Each line below should be repeated exactly as written, with no pictures carried over.

__DATASET SECTION__:
##########
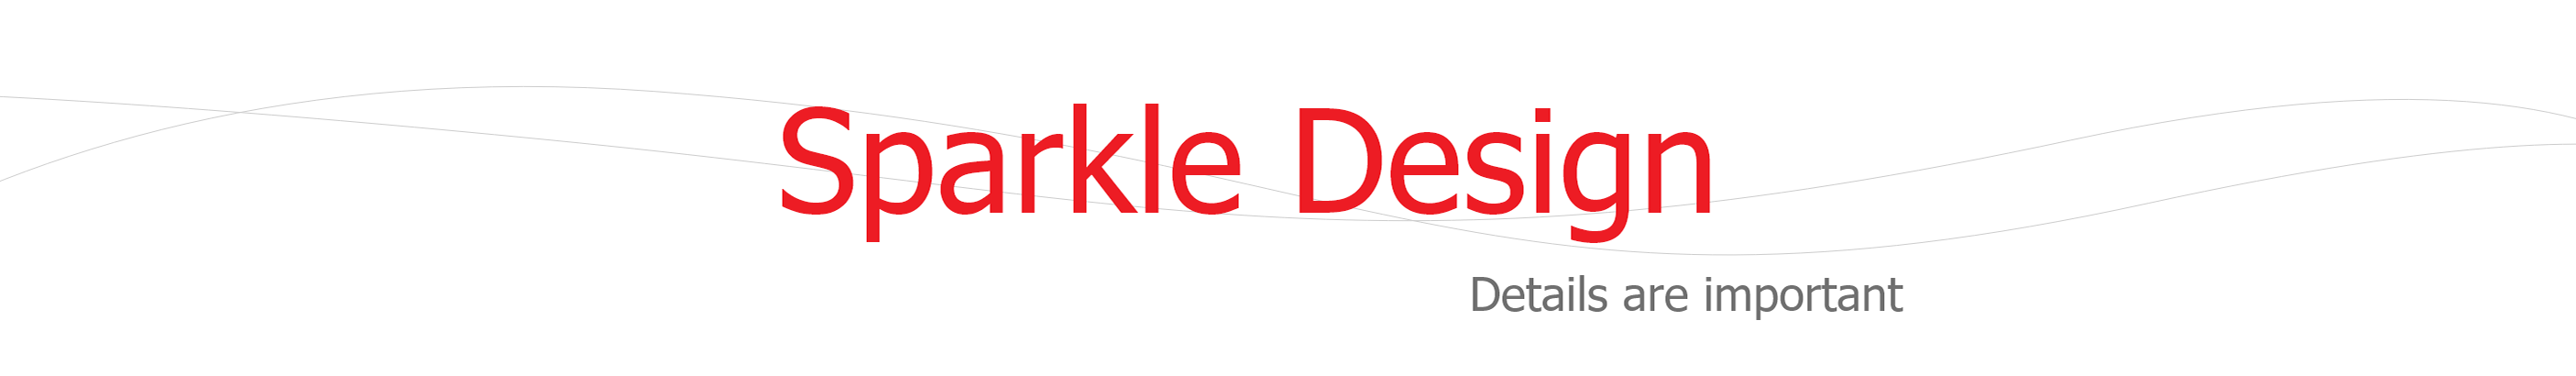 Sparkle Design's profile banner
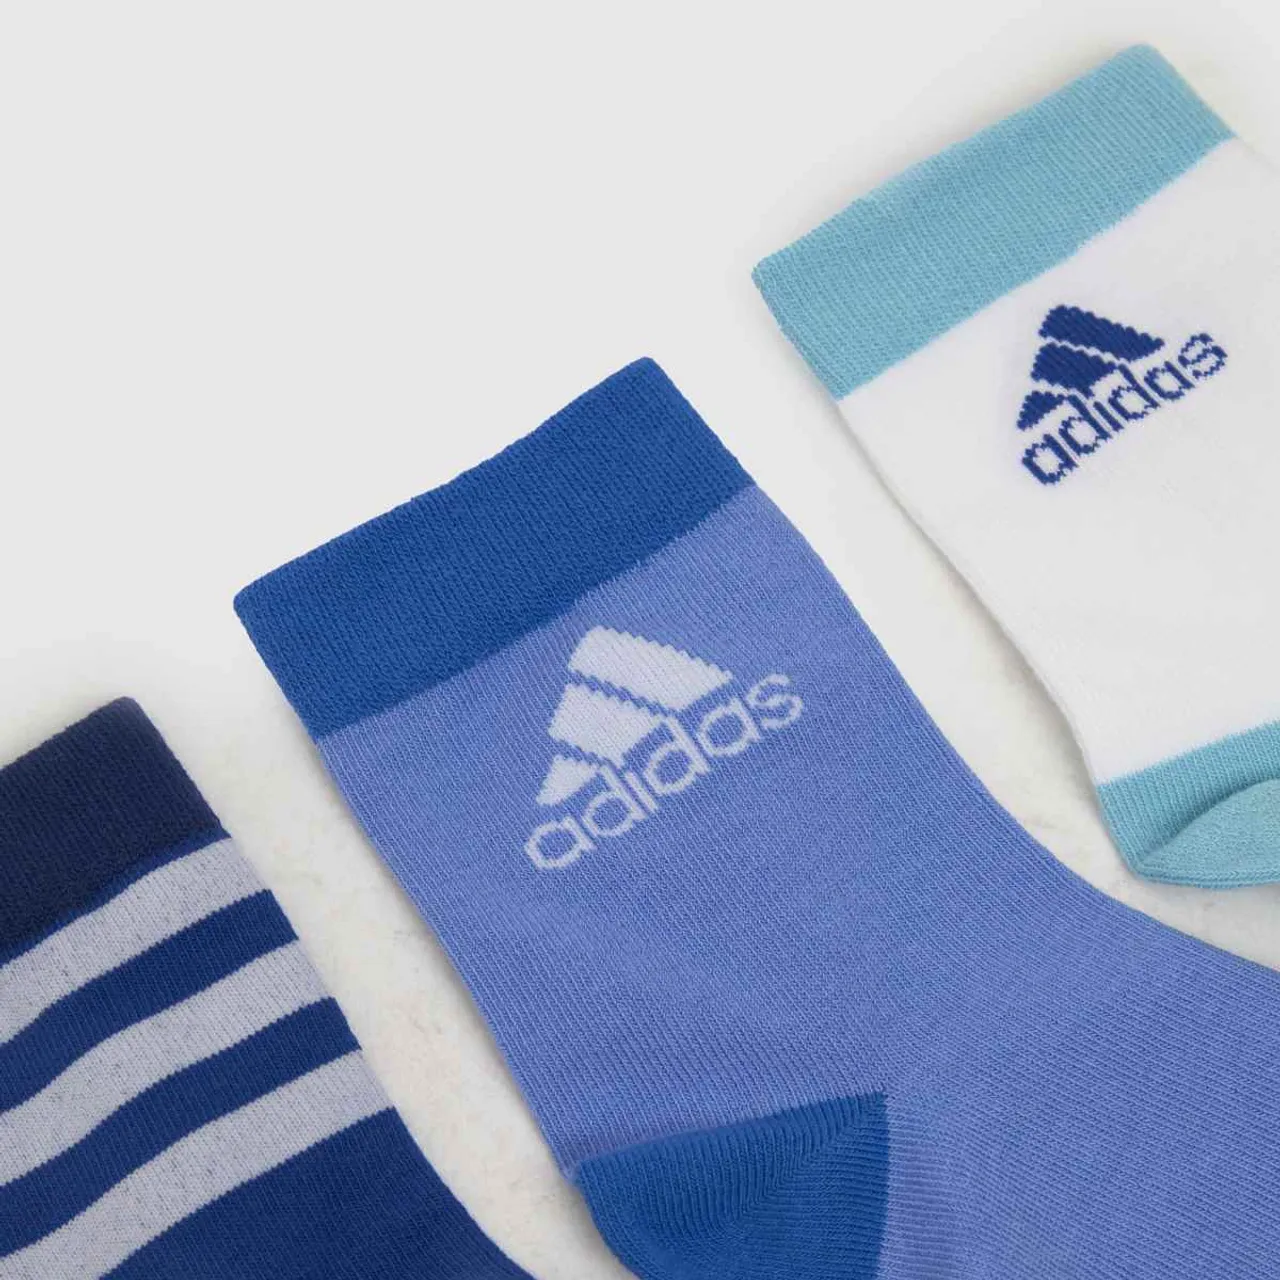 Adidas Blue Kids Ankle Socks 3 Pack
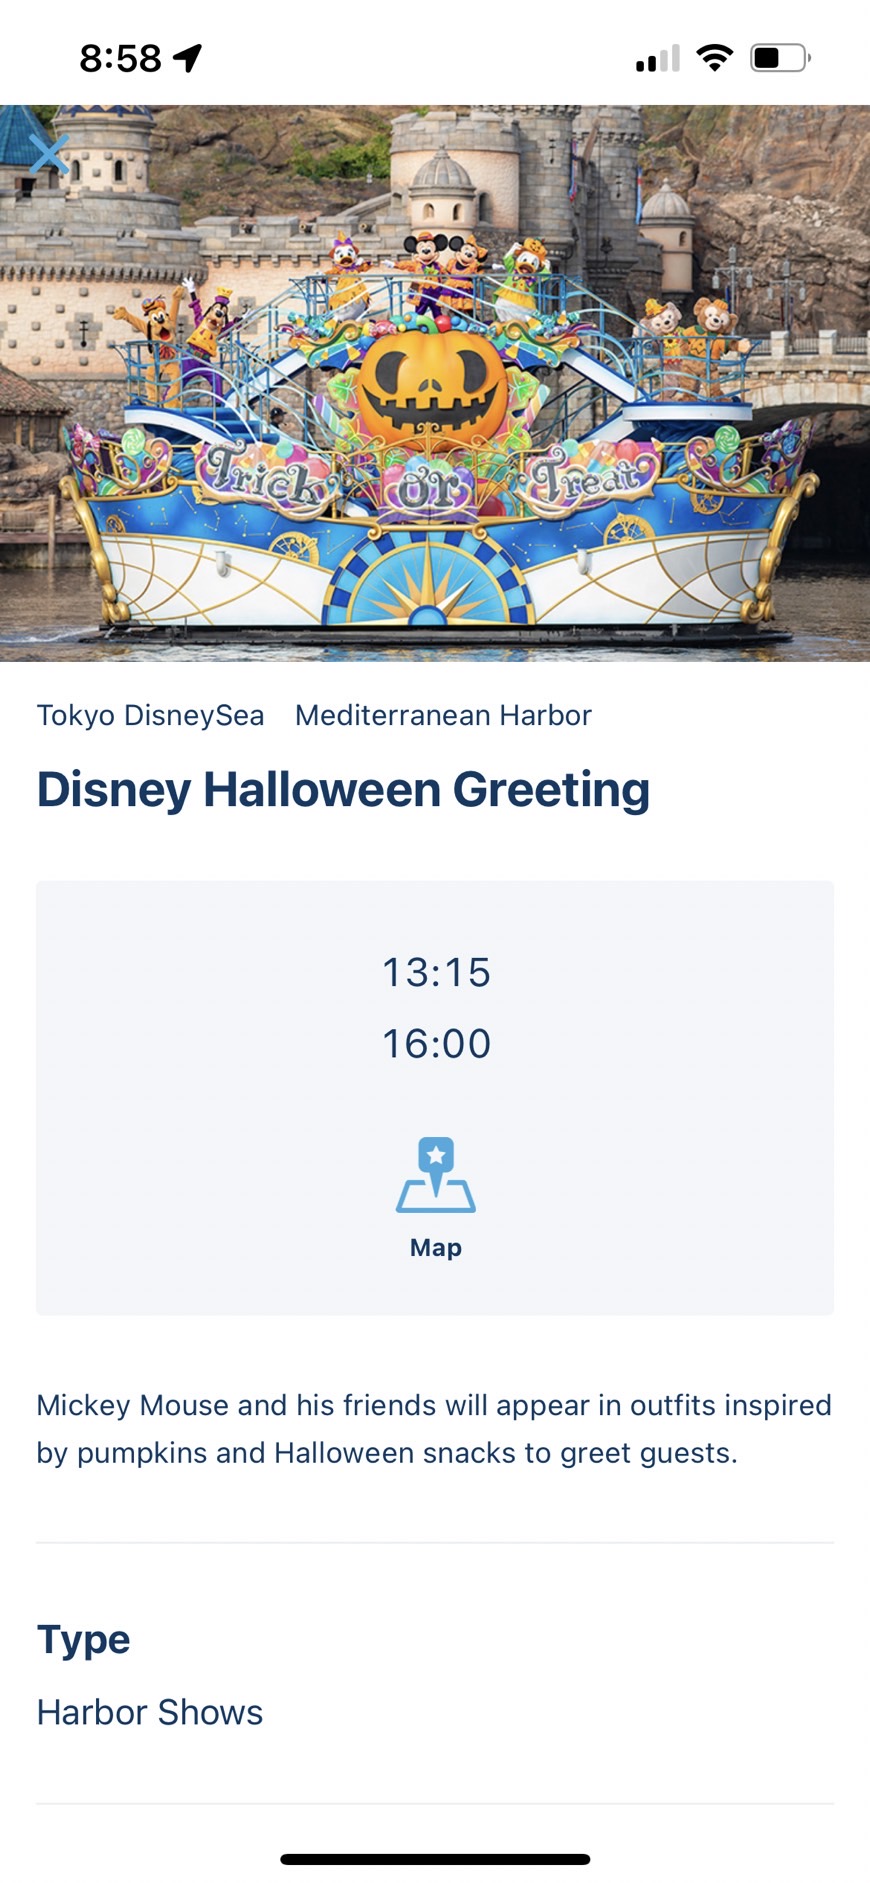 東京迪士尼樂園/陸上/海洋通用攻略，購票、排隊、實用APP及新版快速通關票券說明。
##########
__ANSWER__:
 Sparkle Design's profile banner
 Adidas Blue Kids Ankle Socks 3 Pack
 東京迪士尼樂園/陸上/海洋通用攻略，購票、排隊、實用APP及新版快速通關票券說明。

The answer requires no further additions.